Oil and nationalism – a troubled history

*South Ossetia lies on the southern slopes of the Caucasus, a mountain range that is home to some 50 different ethnic groups, many speaking mutually incomprehensible languages and with long histories of violent enmity. The Caucasus were brought under Russian control in a series of wars in the 19th century, fought against not only the often fiercely-independent local peoples but the Persians and the Ottomans, who coveted the high ground between the Black and Caspian seas.

*The people of the Caucasus, many of whom adhered to ancient traditions and were resentful of outsiders' attempts to control them, were perhaps the most troublesome subjects of Tsarist Russia and the Soviet Union that succeeded it. Stalin – whose father was reputed to be Ossetian – in 1922 divided control over Ossetia between the Georgian and Russian Soviet republics, a move which angered Ossetians and prompted occasional protests over subsequent decades. When the South Ossetians attempted in 1989 to reunite with ethnic kin in Russian-controlled North Ossetia, the Georgian nationalist Zviad Gamsakhurdia marched supporters into the region to confront the secessionists.

*In 1989-91, as the Kremlin's hold over its empire crumbled, the Caucasus witnessed a surge in nationalism. Regions like Chechnya declared independence from Moscow but in South Ossetia, local leaders proclaimed their region part of the Russian Federation rather than the emergent sovereign state of Georgia. Sporadic clashes between Georgians and South Ossetians – who had mostly lived together in peace for decades, often inter-marrying – continued until 1991, when Tbilisi sent in troops to crush the separatist movement. More than 2,000 people are believed to have died in the fighting.

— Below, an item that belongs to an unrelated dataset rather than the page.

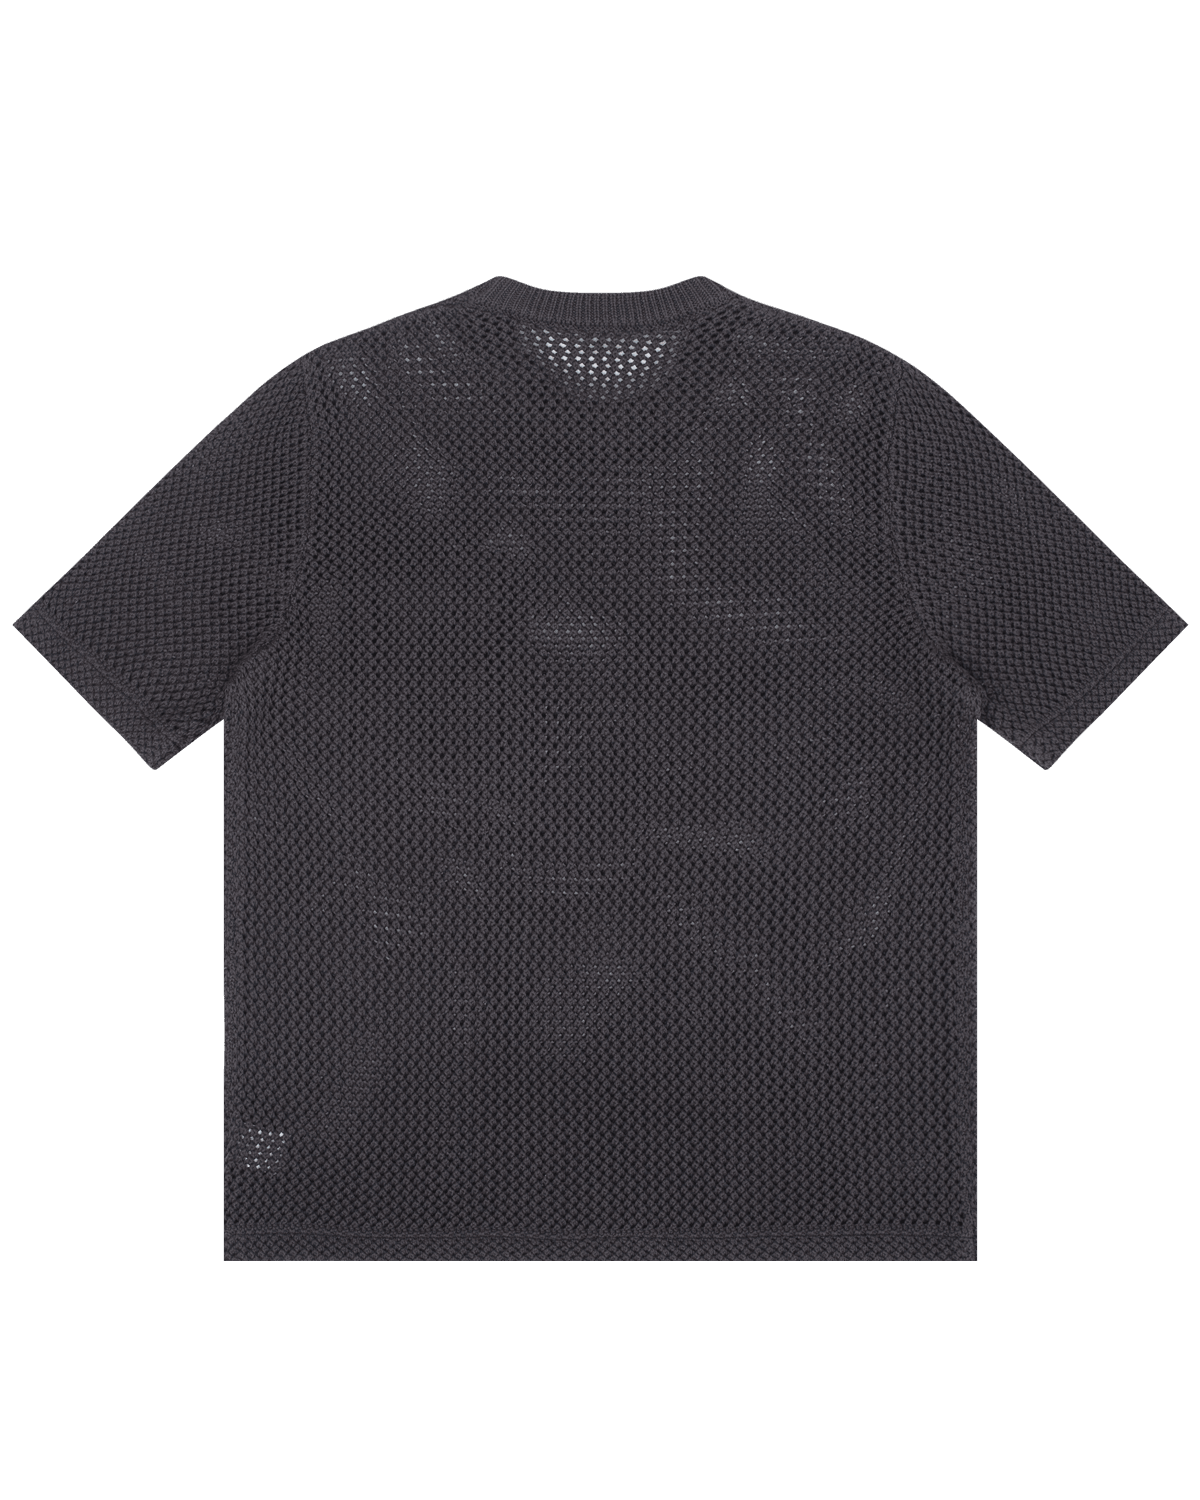 TAKA ORIGINAL LIMITED - Off The Label hybrid structures short-sleeve knitted t-shirt dark grey

*After a coup toppled Mr Gamsakhurdia as president, his successor, Eduard Shevardnadze, agreed a deal with Boris Yeltsin for Russian peacekeepers to monitor a ceasefire. When Mikheil Saakashvili, below, ousted Mr Shevardnadze in the 2003 Rose Revolution, he vowed to bring South Ossetia and another breakaway region, Abkhazia, back under Tbilisi's control. He accuses Russia of sending cash and weapons to separatists in both regions, to ensure continued Kremlin influence in the oil-rich Caucasus – the BTC pipeline carrying oil from Azerbaijan to Turkey is routed through Georgia – and to undermine Georgia's bid to join Nato. Russia has given passports to the vast majority of South Ossetians and Abkhazians, and pledges to defend its citizens in those provinces. Many South Ossetians say they expect other Caucasian peoples to support their fight against Georgia, and reports are emerging of volunteers heading for the region from Abkhazia and North Ossetia.